PROBLEM TO WORK ON: Emit the data below verbatim, stripping out any pictures.

EXERCISE DATA:
------------------------------------------------

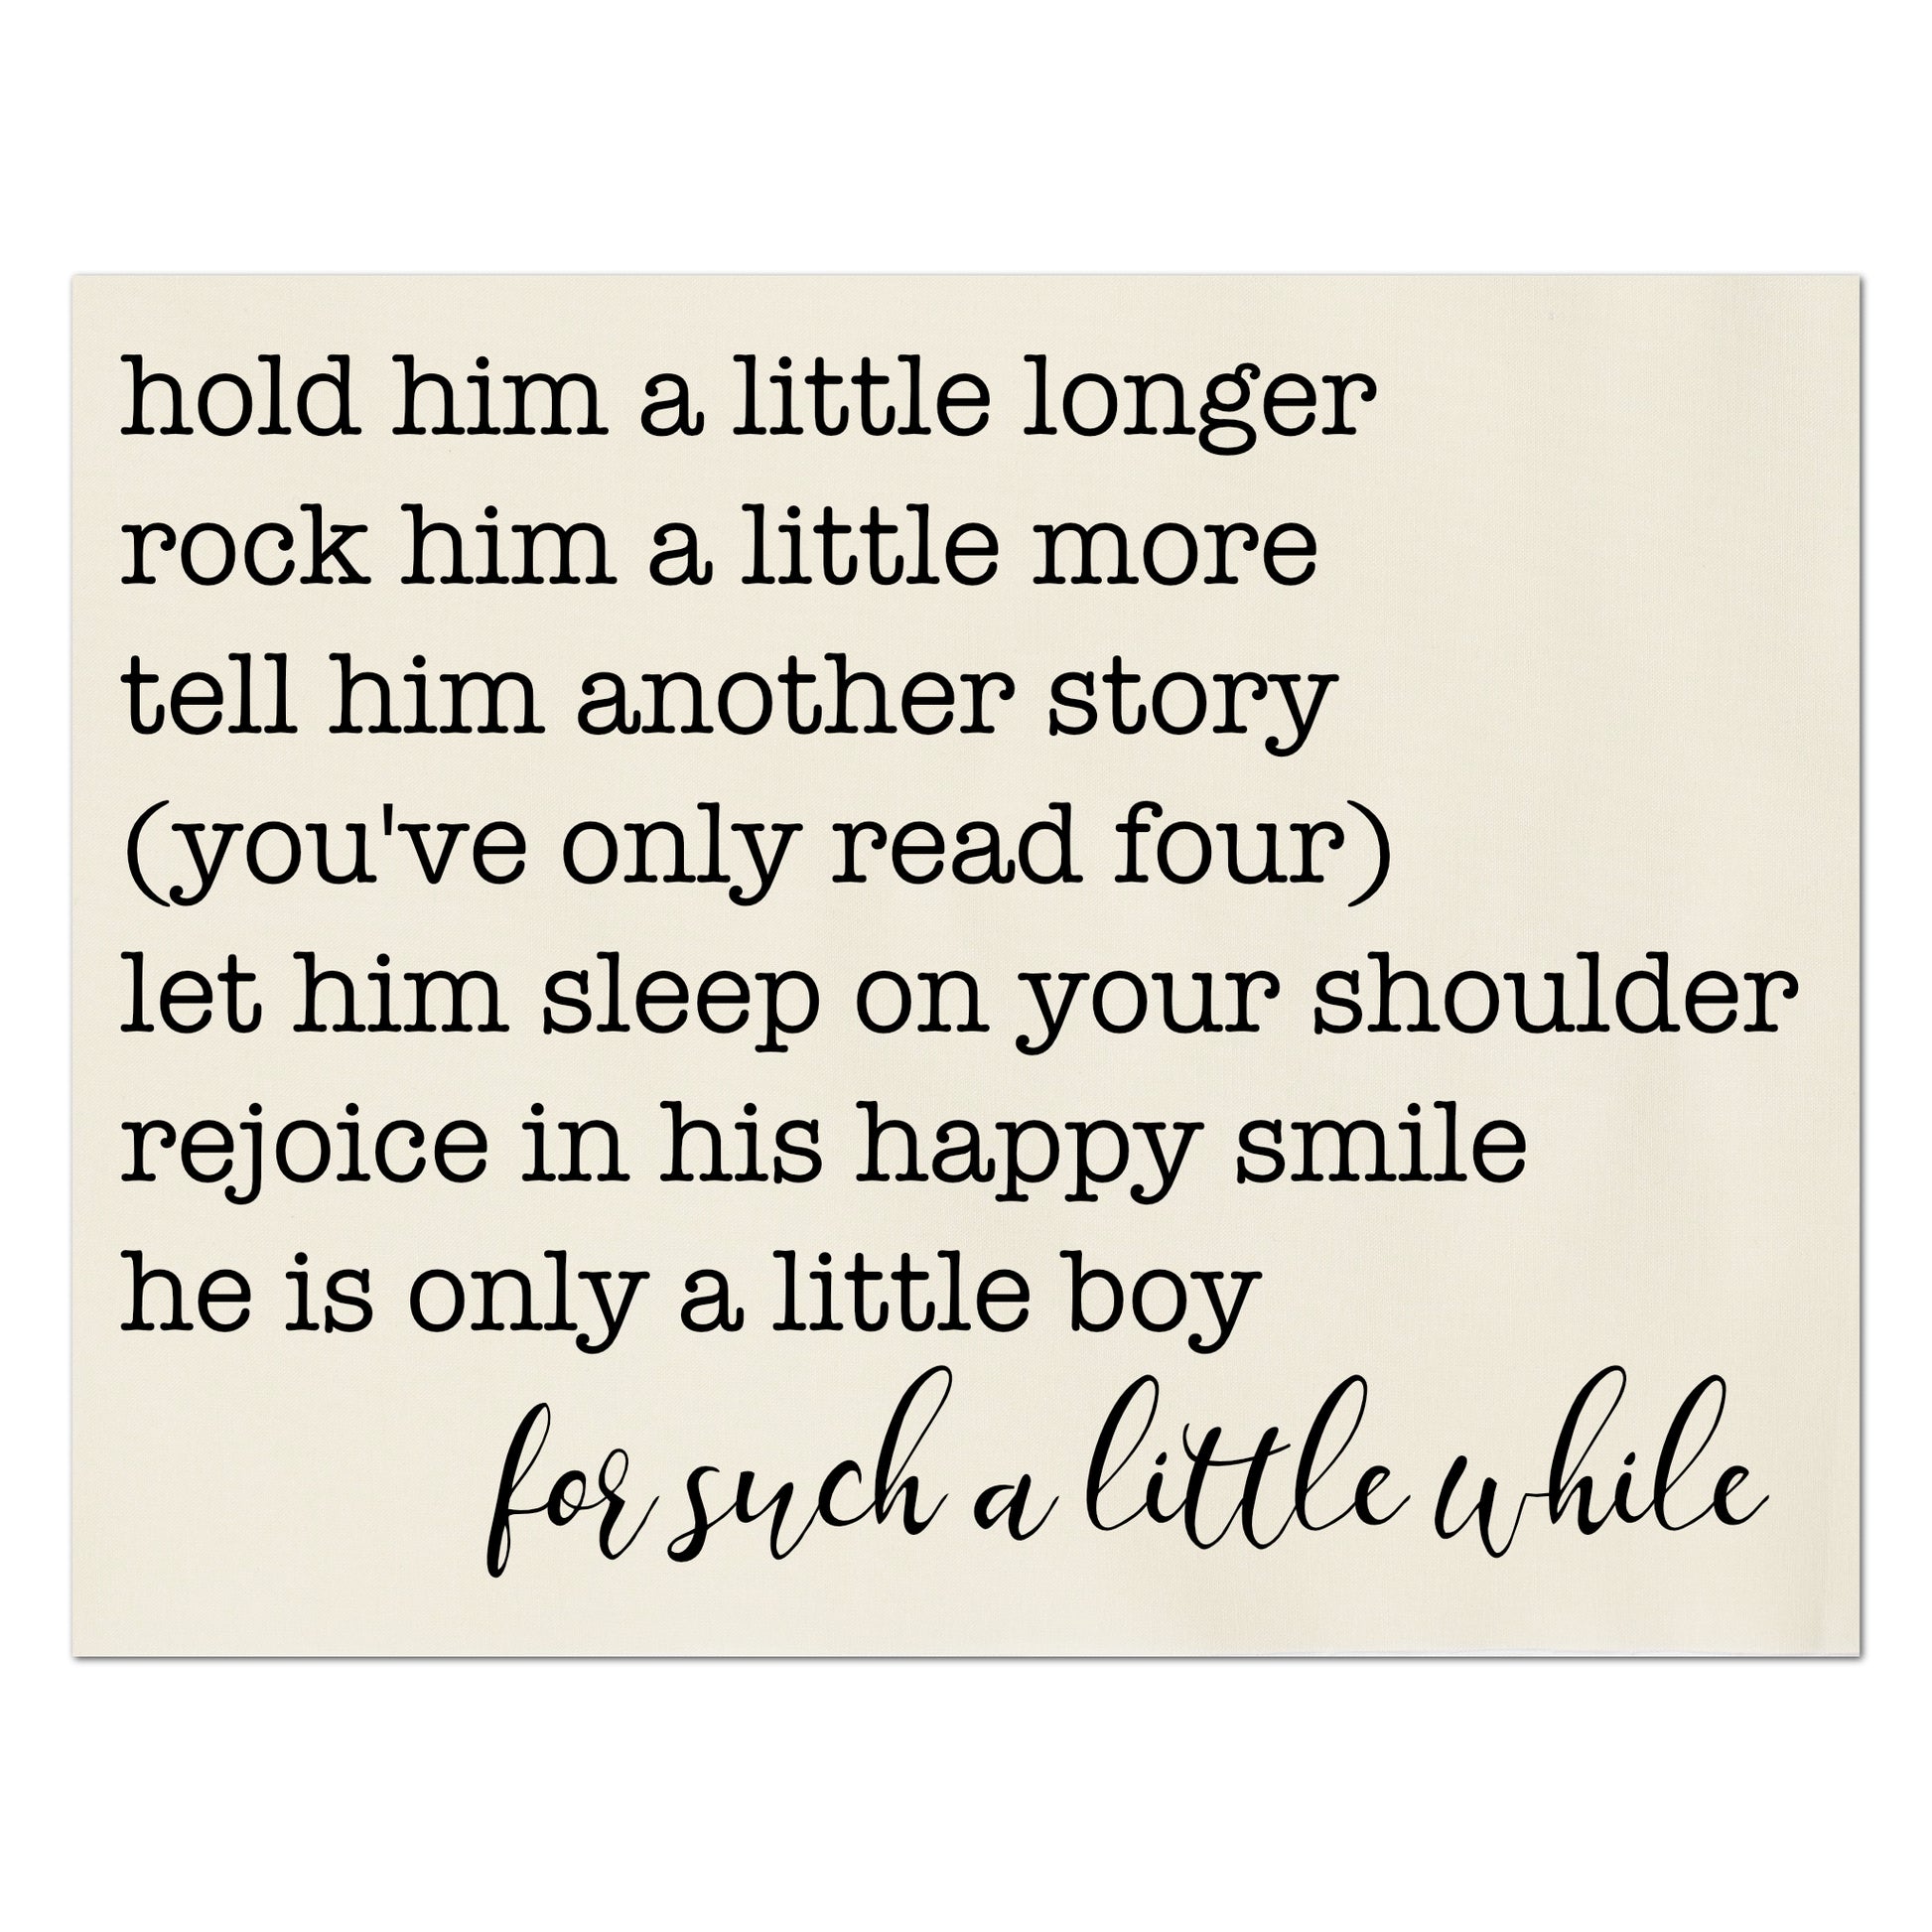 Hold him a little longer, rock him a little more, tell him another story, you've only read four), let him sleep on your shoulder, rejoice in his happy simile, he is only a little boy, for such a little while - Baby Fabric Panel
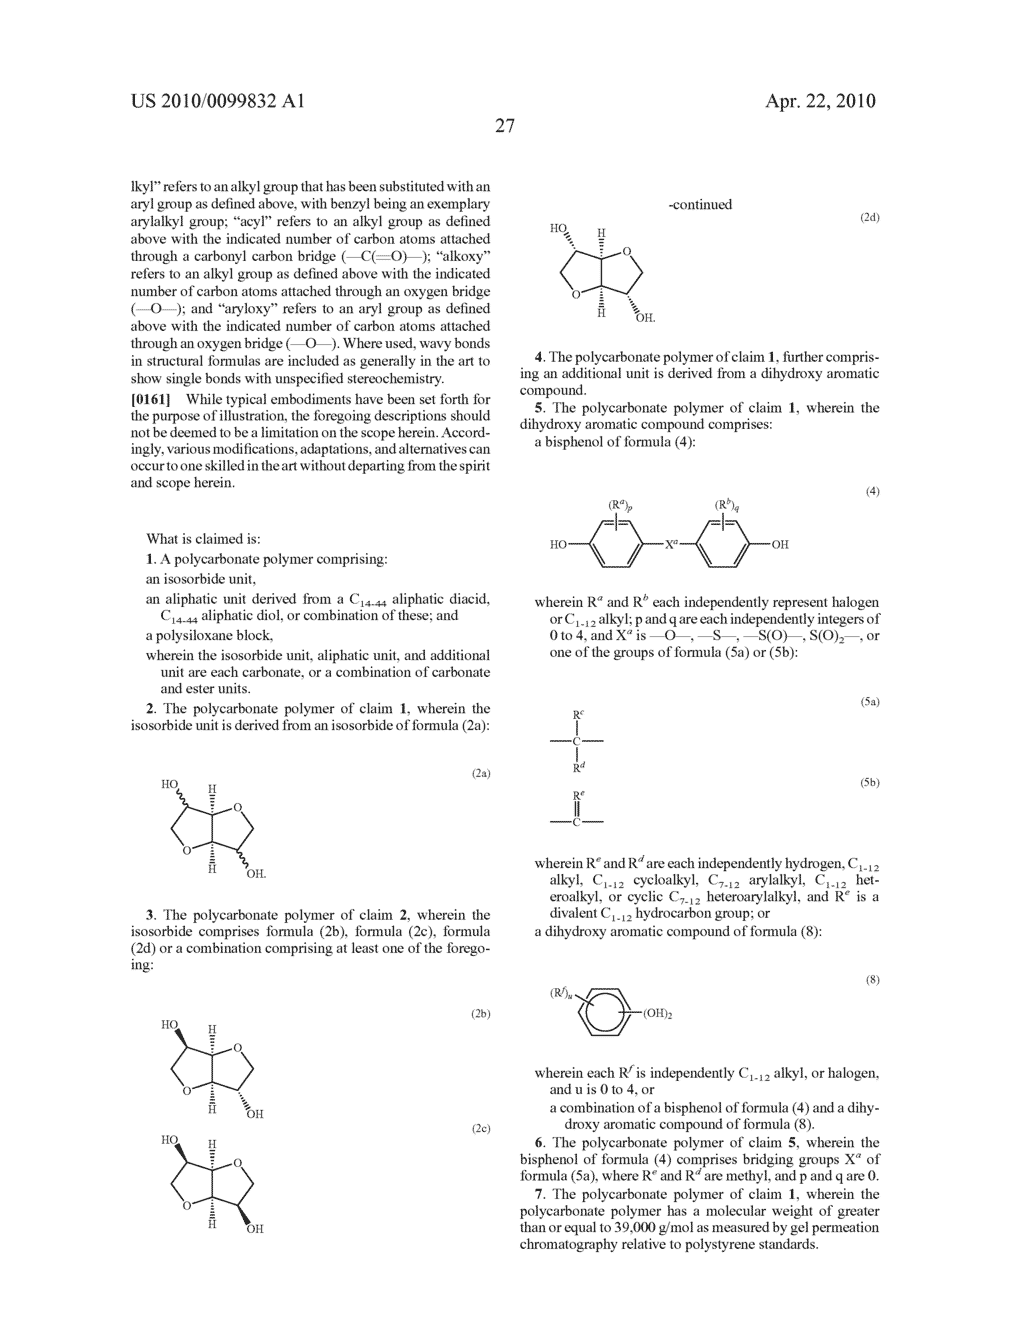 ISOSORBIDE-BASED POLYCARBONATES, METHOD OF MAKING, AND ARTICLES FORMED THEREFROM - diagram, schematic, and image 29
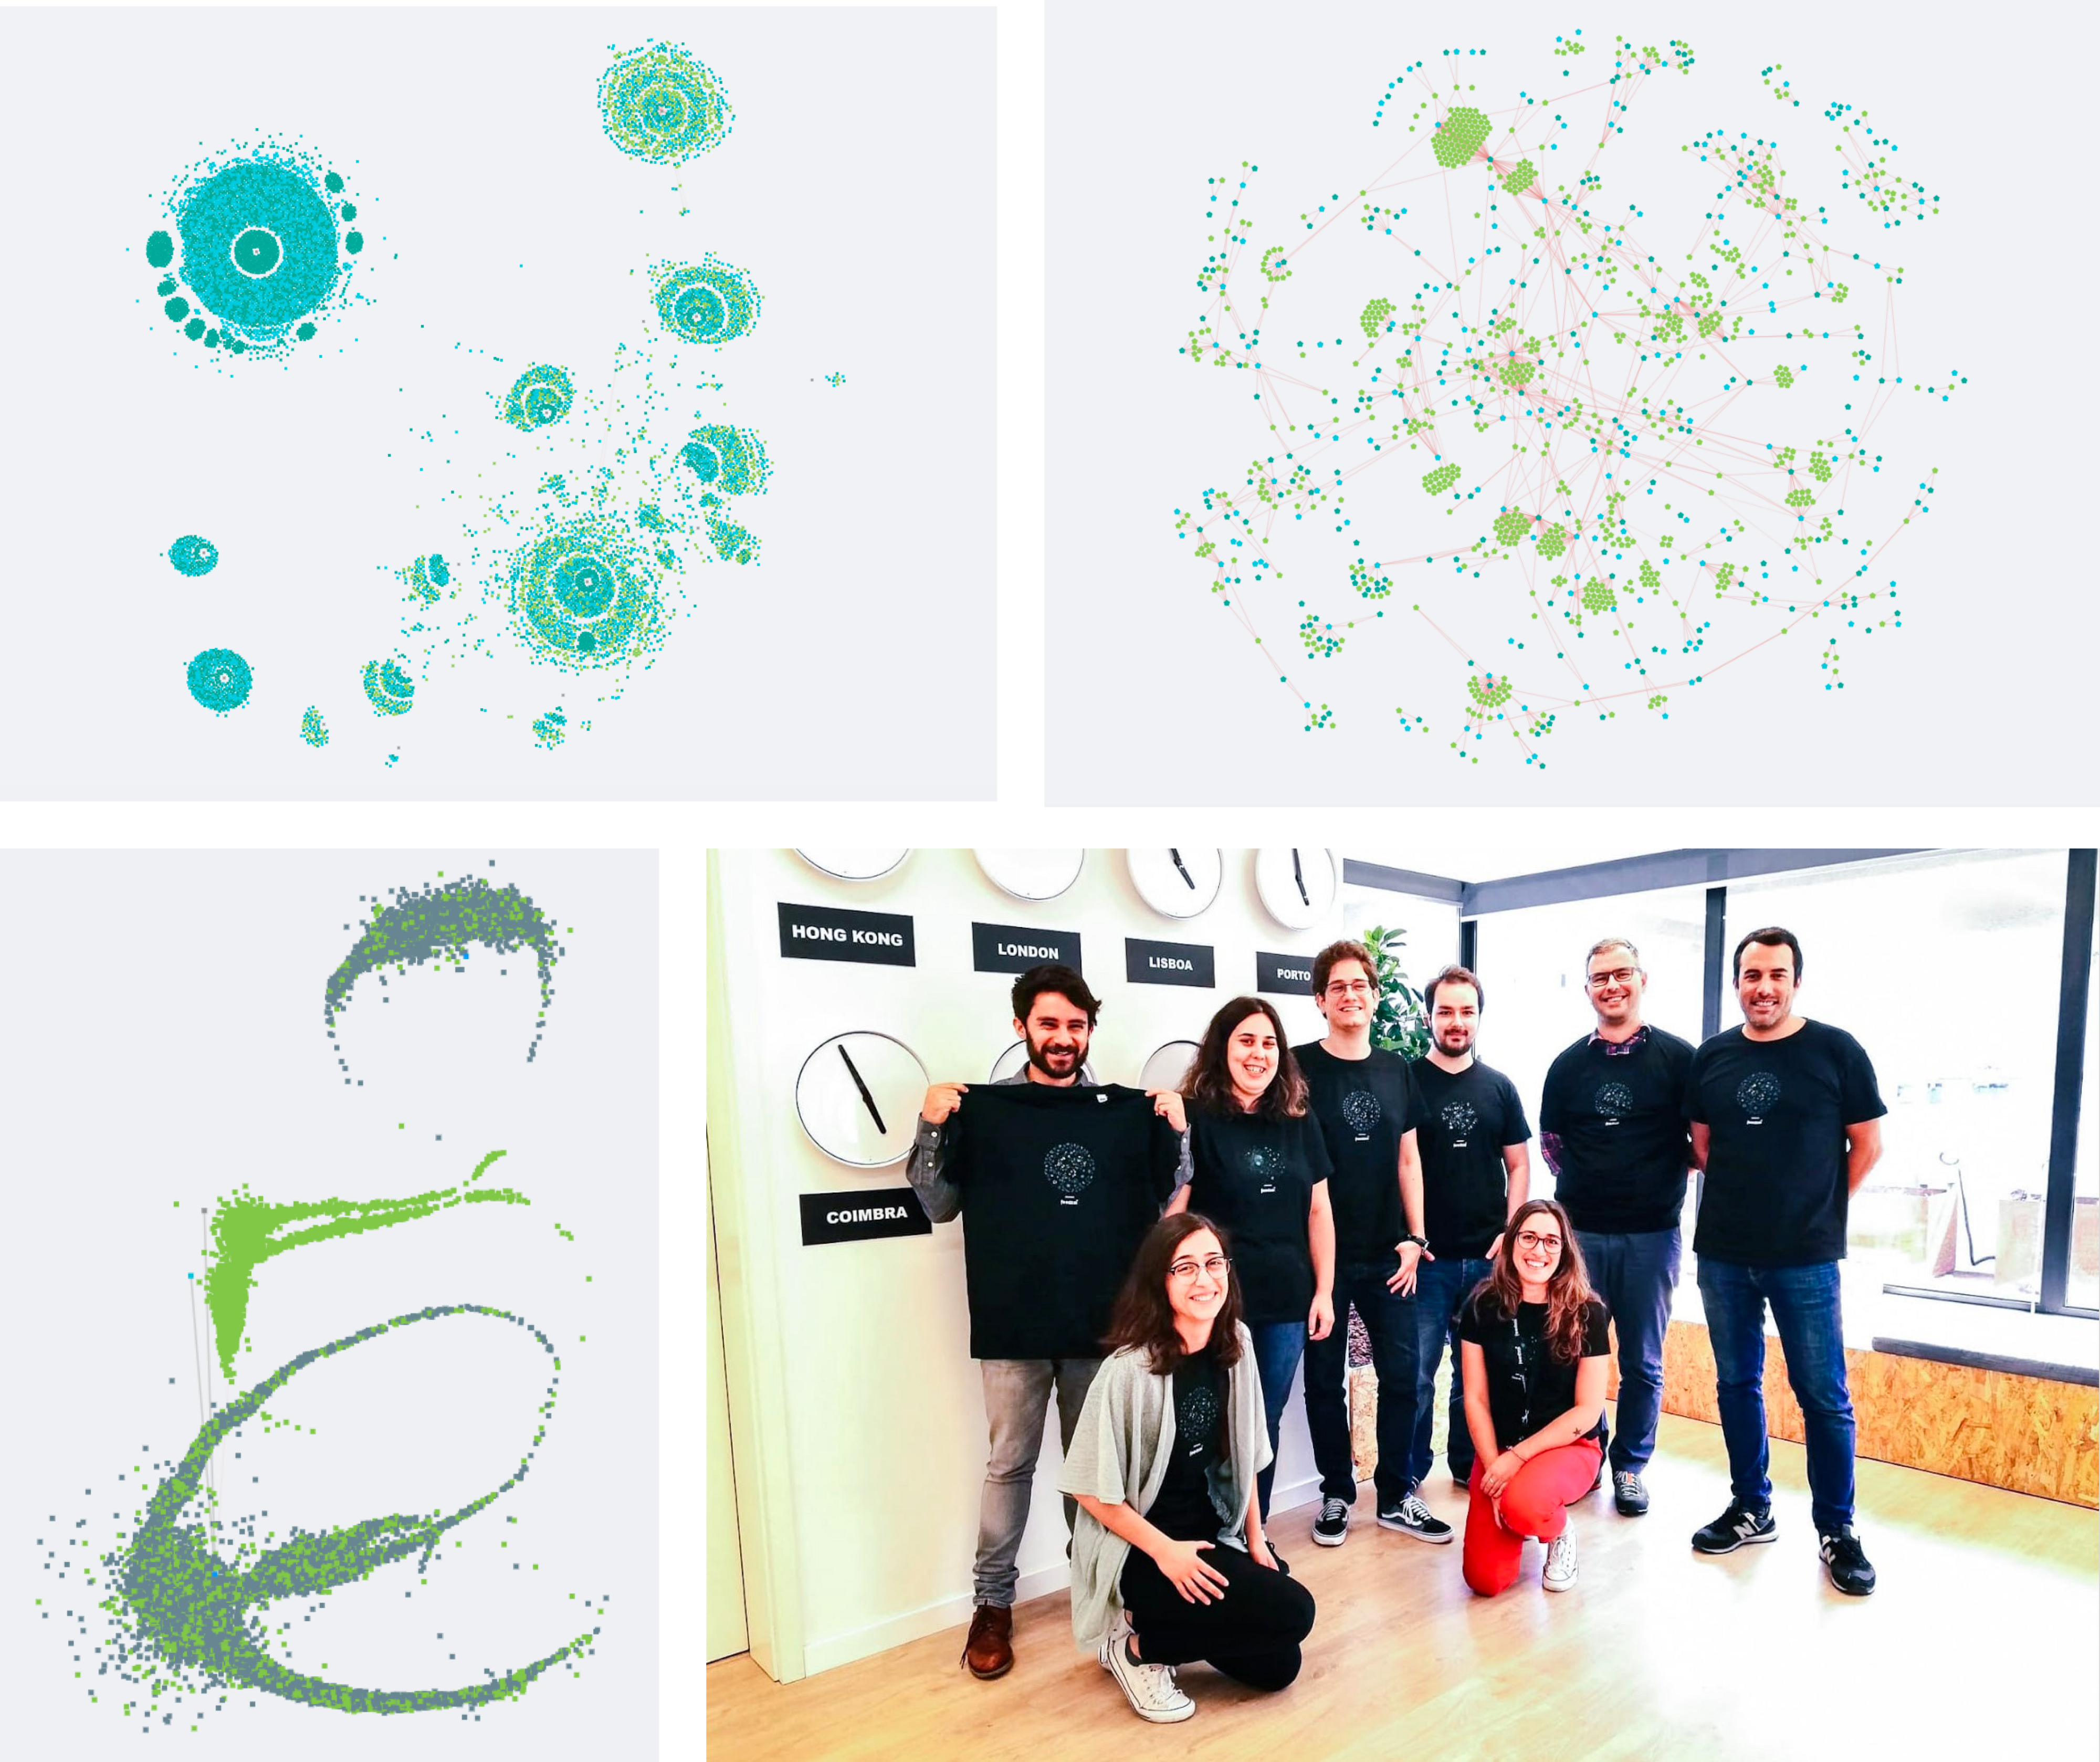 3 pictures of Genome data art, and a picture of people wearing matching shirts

------------------------------------------------

WRITTEN SOLUTION:
 Hold him a little longer, rock him a little more, tell him another story, you've only read four), let him sleep on your shoulder, rejoice in his happy simile, he is only a little boy, for such a little while - Baby Fabric Panel
 ISOSORBIDE-BASED POLYCARBONATES, METHOD OF MAKING, AND ARTICLES FORMED THEREFROM - diagram, schematic, and image 29
 3 pictures of Genome data art, and a picture of people wearing matching shirts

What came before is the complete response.